**Directions**. Write out the entries exactly, pictures excluded.

**Given information**.
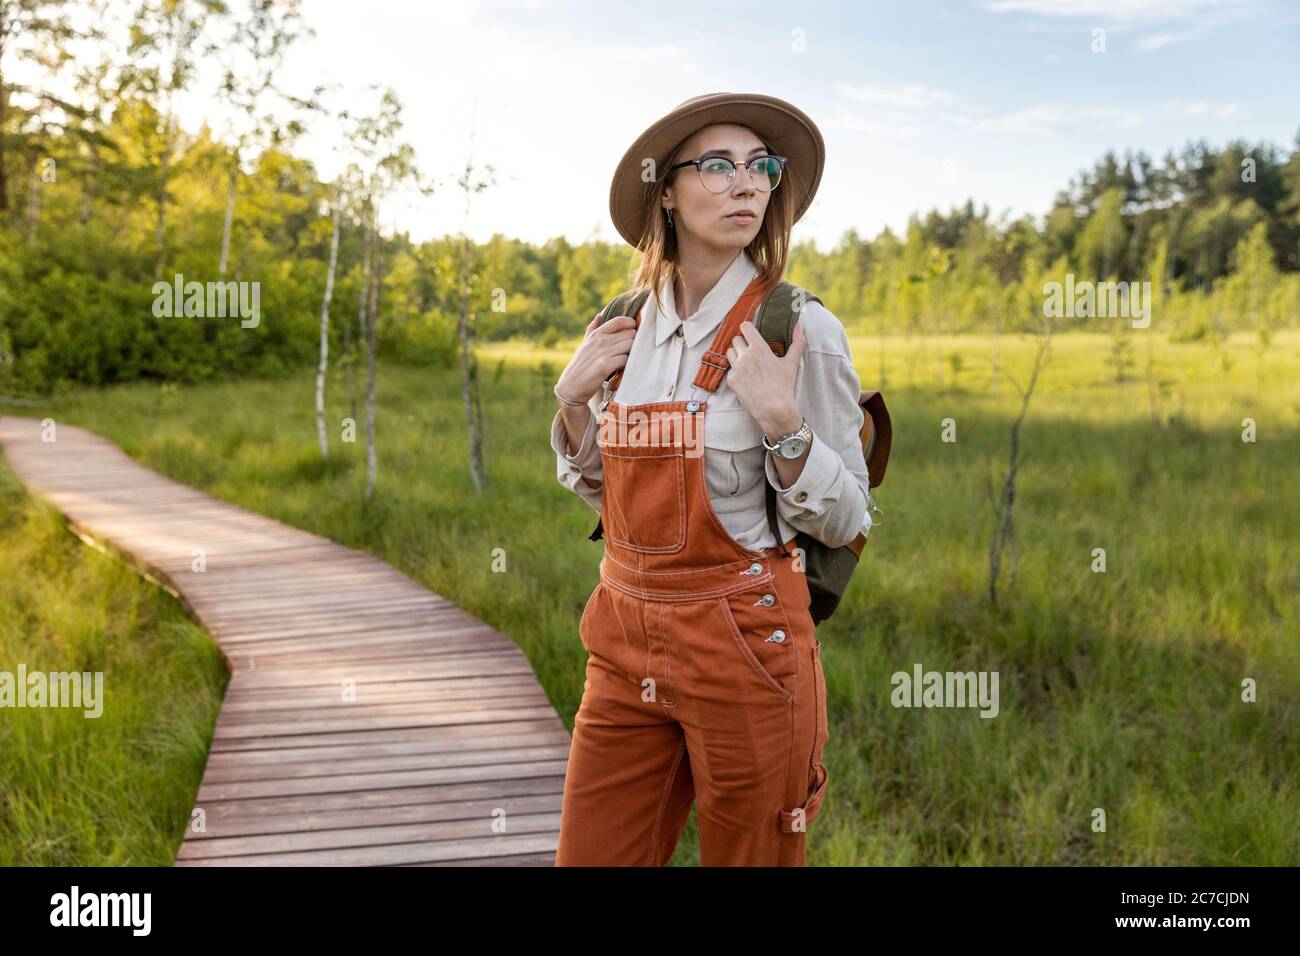 Portrait of woman botanist with backpack on ecological hiking trail in summer. Naturalist exploring wildlife and ecotourism adventure walking on path Stock Photo
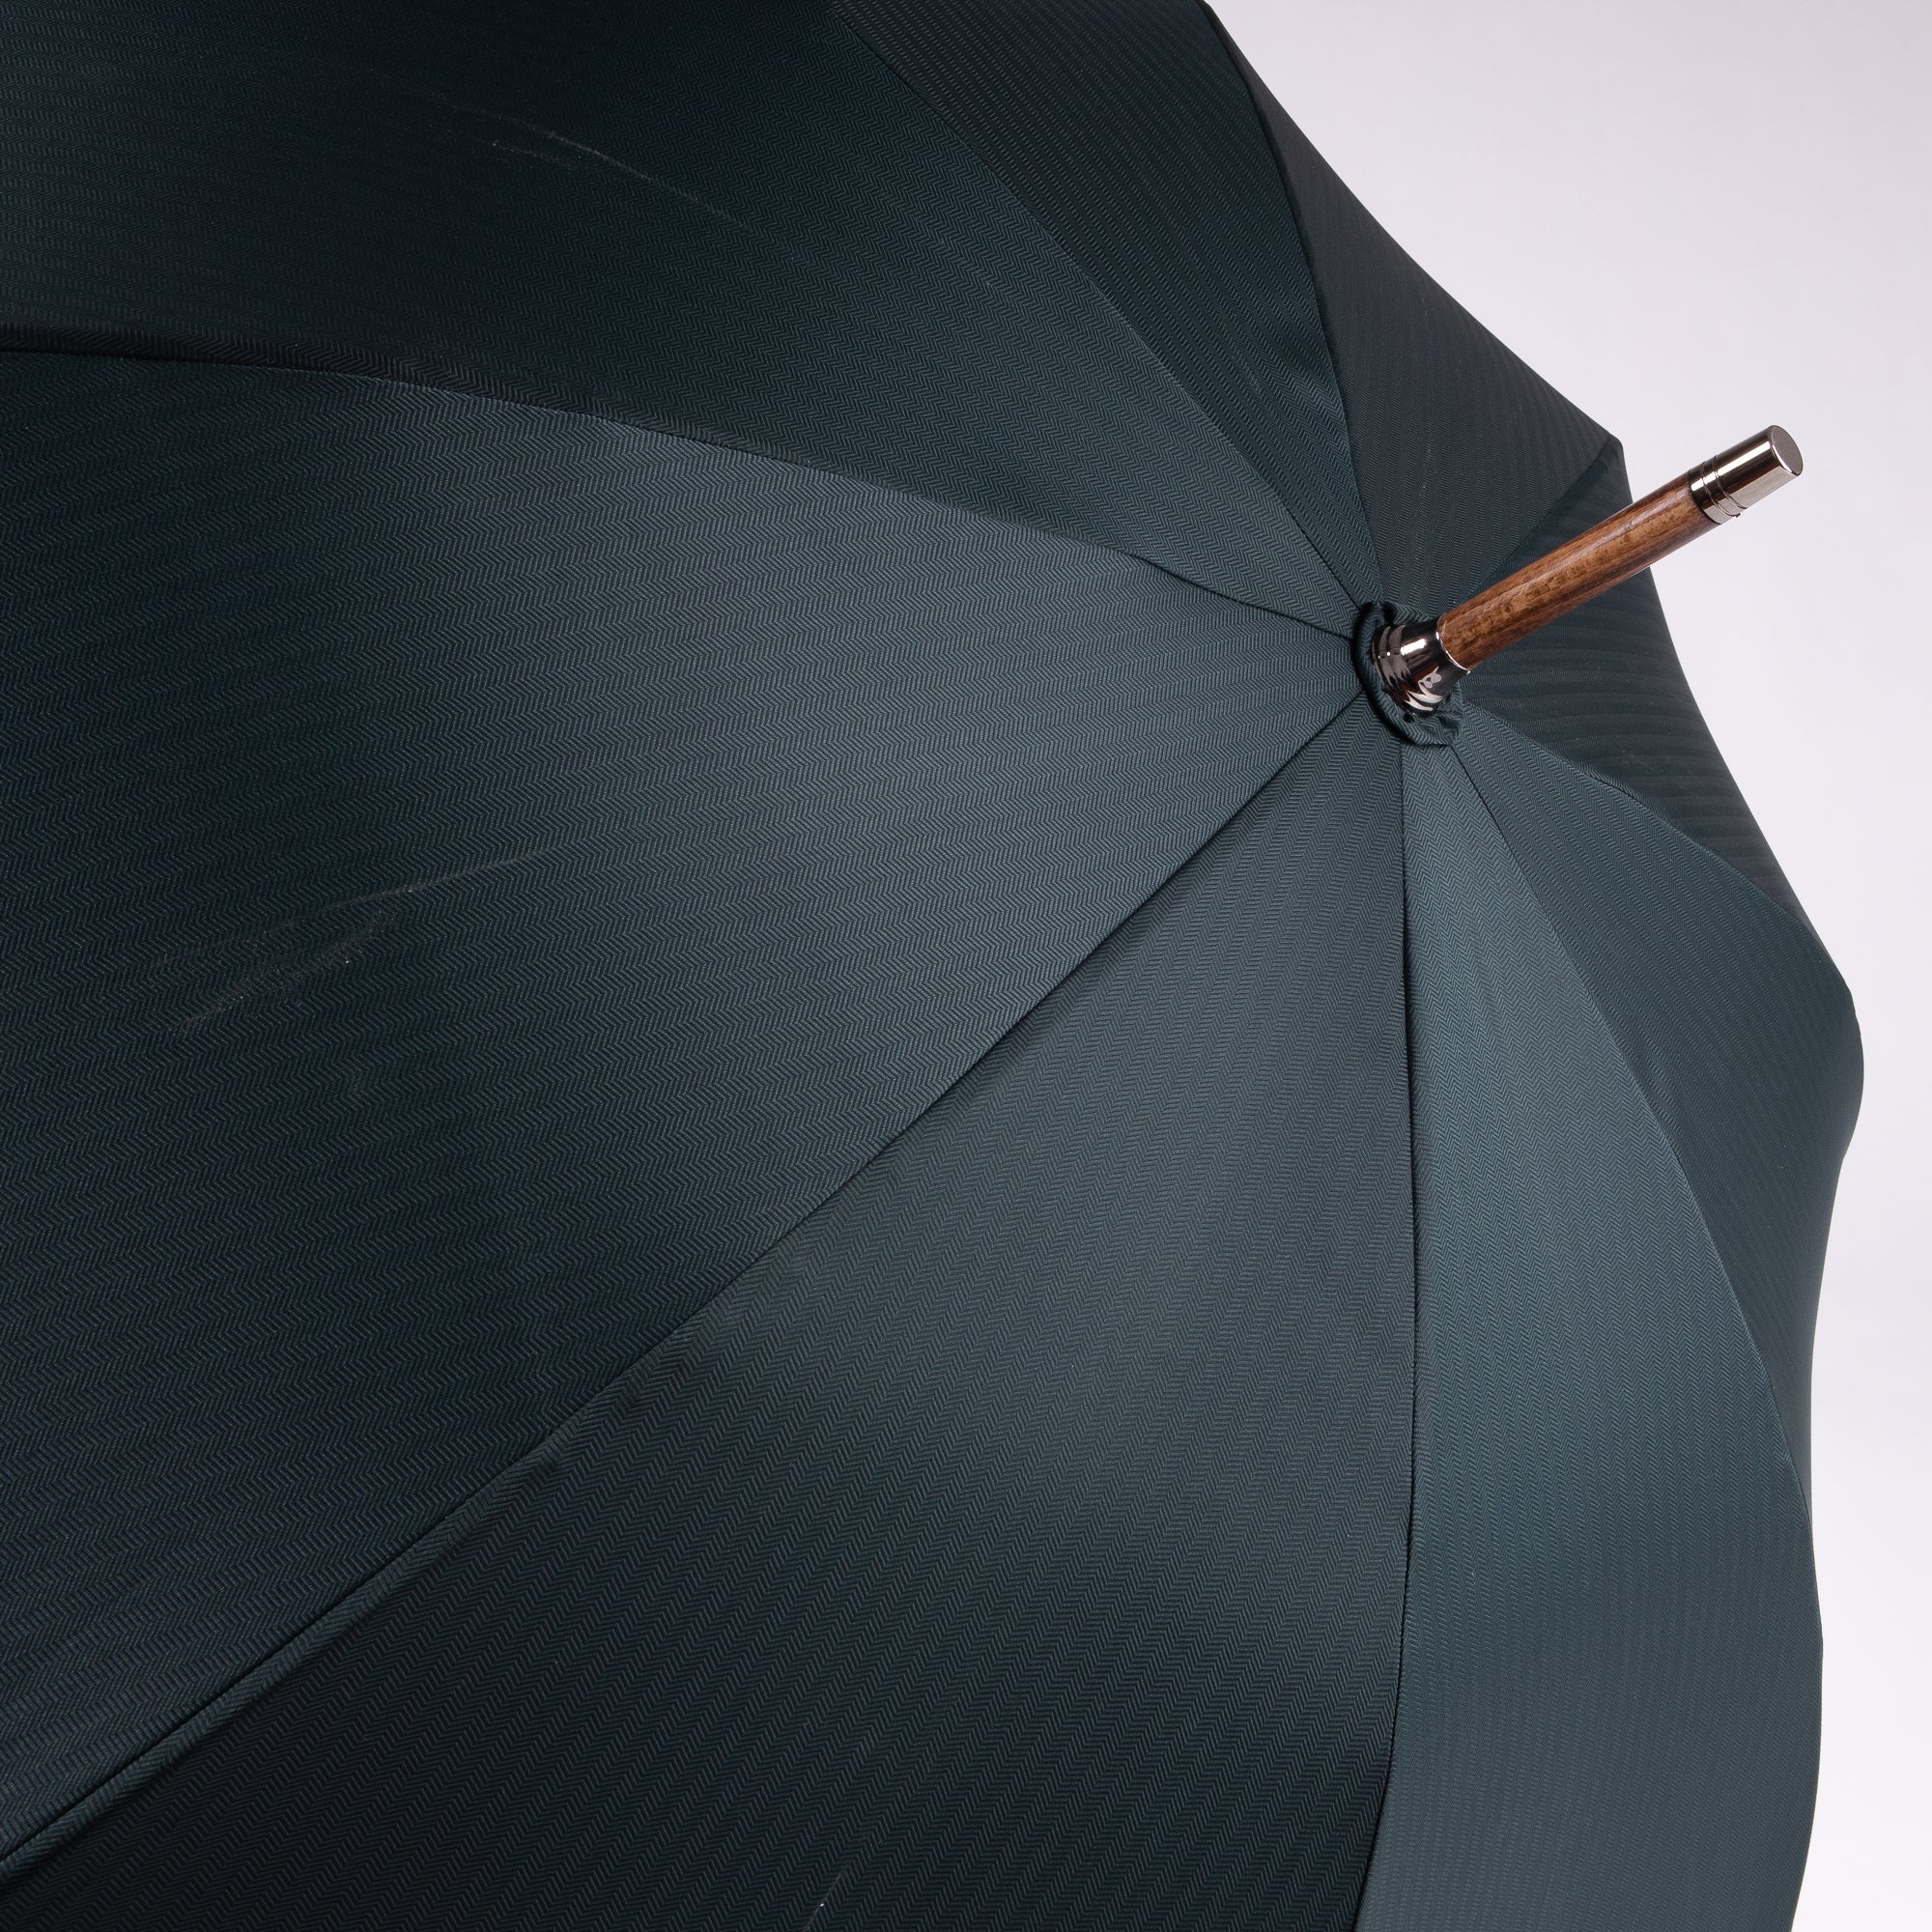 Umbrella with Brided Leather Handle
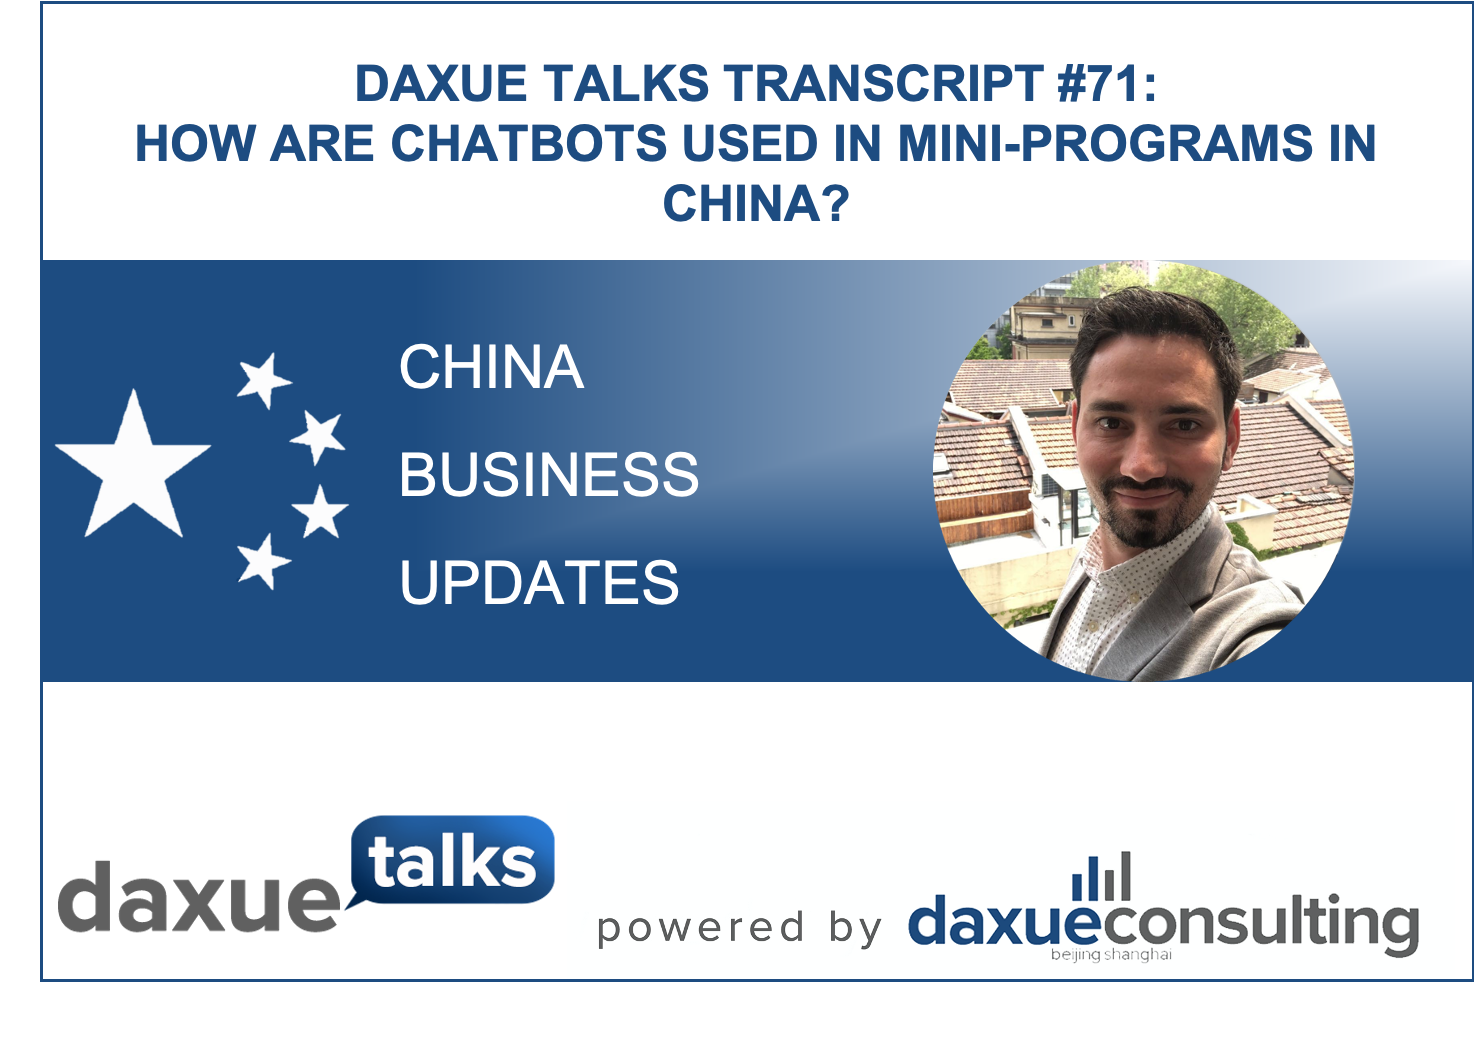 Daxue Talks transcript #71: How are chatbots used in mini-programs in China?
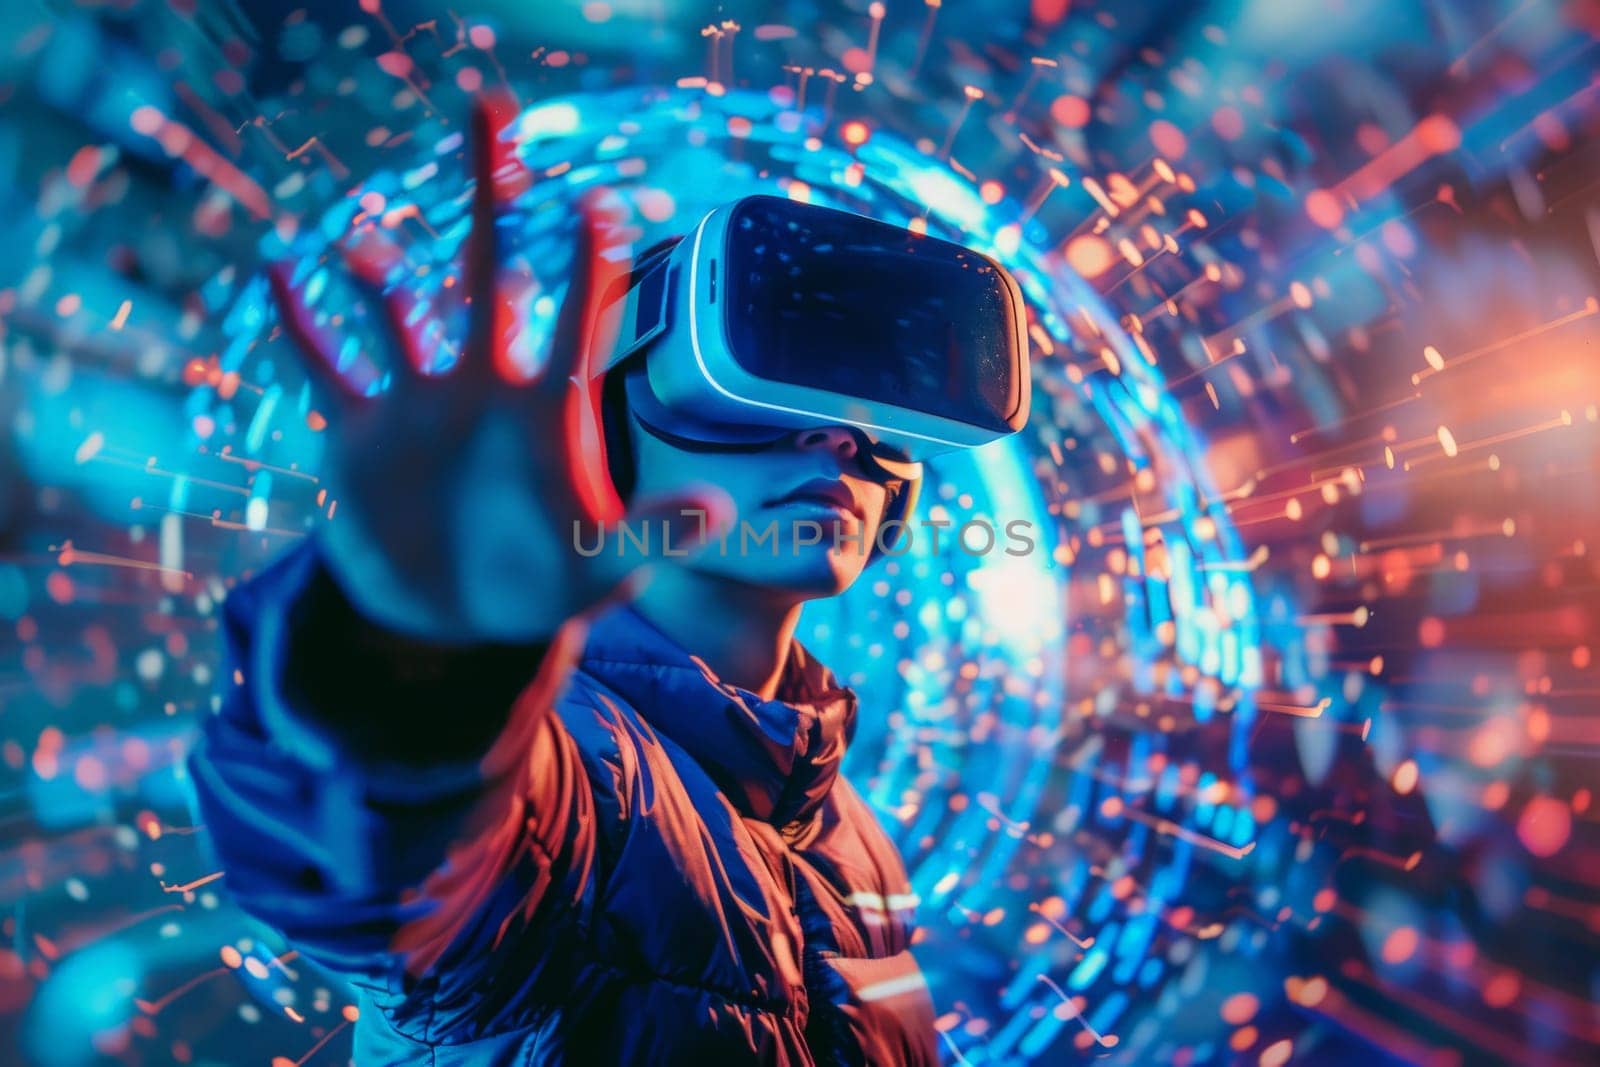 A person wearing a virtual reality headset is reaching out to touch a colorful, swirling background. Concept of excitement and wonder as the person explores the virtual world
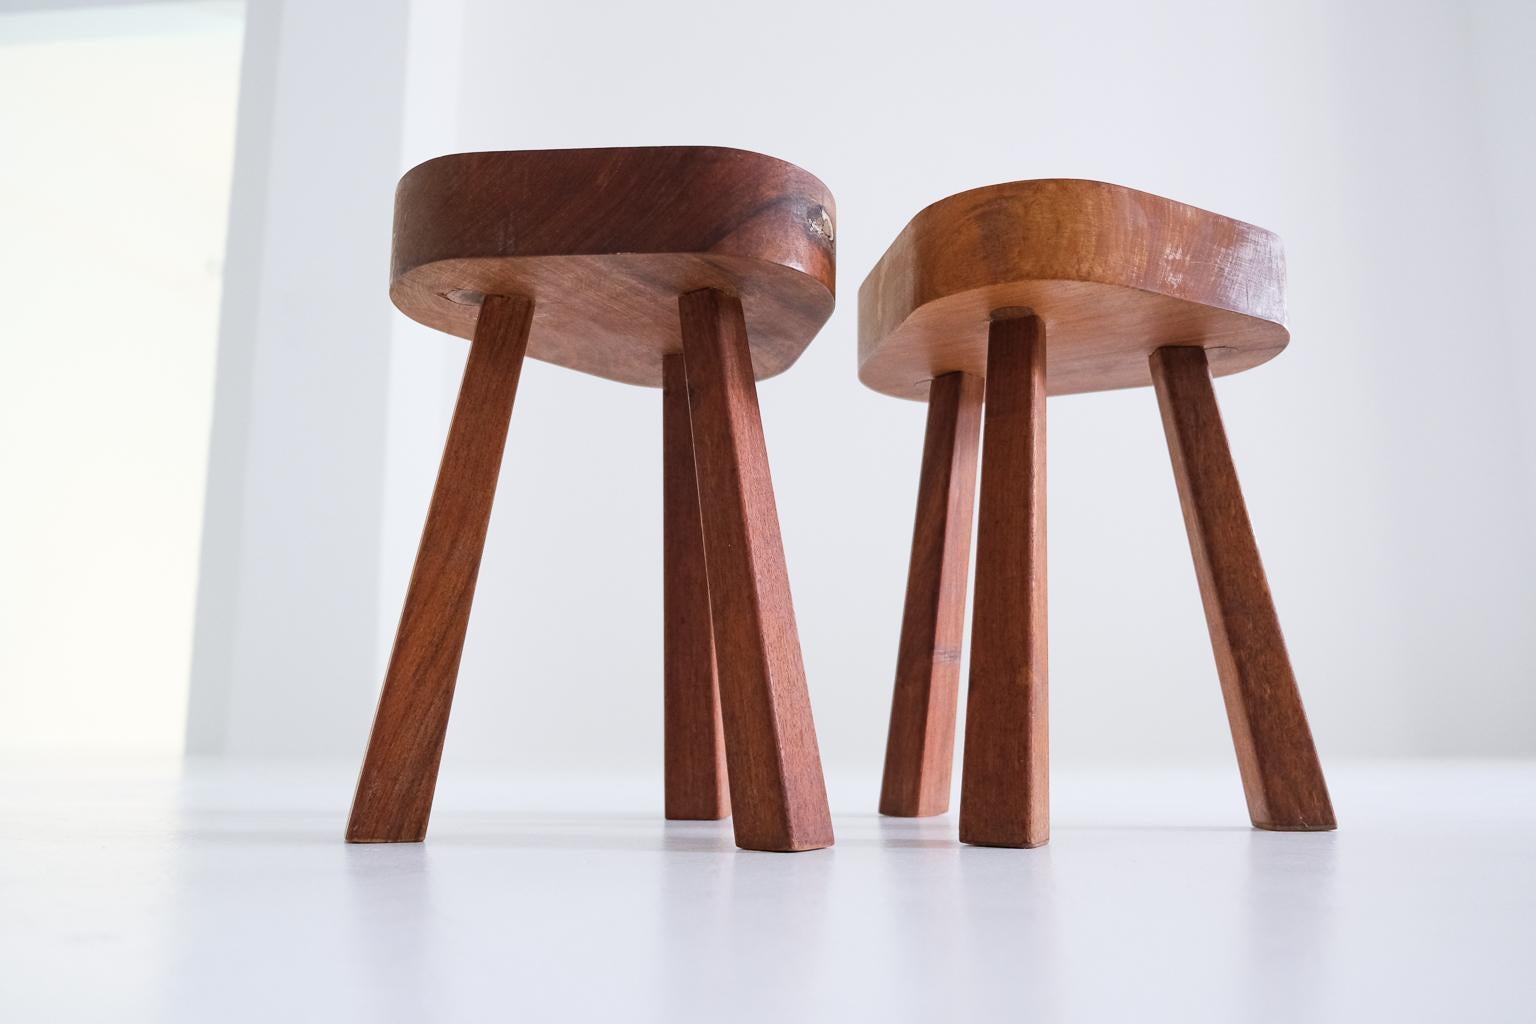 A pair of stools that can be used even better as small side tables. Made of solid wood, the design is reminiscent of the work of Charlotte Perriand or Pierre Chapo. 

Slight signs of use on the surface.

**Answer space**.
 Portrait of woman botanist with backpack on ecological hiking trail in summer. Naturalist exploring wildlife and ecotourism adventure walking on path Stock Photo
 Umbrella with Brided Leather Handle
 Daxue Talks transcript #71: How are chatbots used in mini-programs in China?
 A person wearing a virtual reality headset is reaching out to touch a colorful, swirling background. Concept of excitement and wonder as the person explores the virtual world
 A pair of stools that can be used even better as small side tables. Made of solid wood, the design is reminiscent of the work of Charlotte Perriand or Pierre Chapo. 

Slight signs of use on the surface.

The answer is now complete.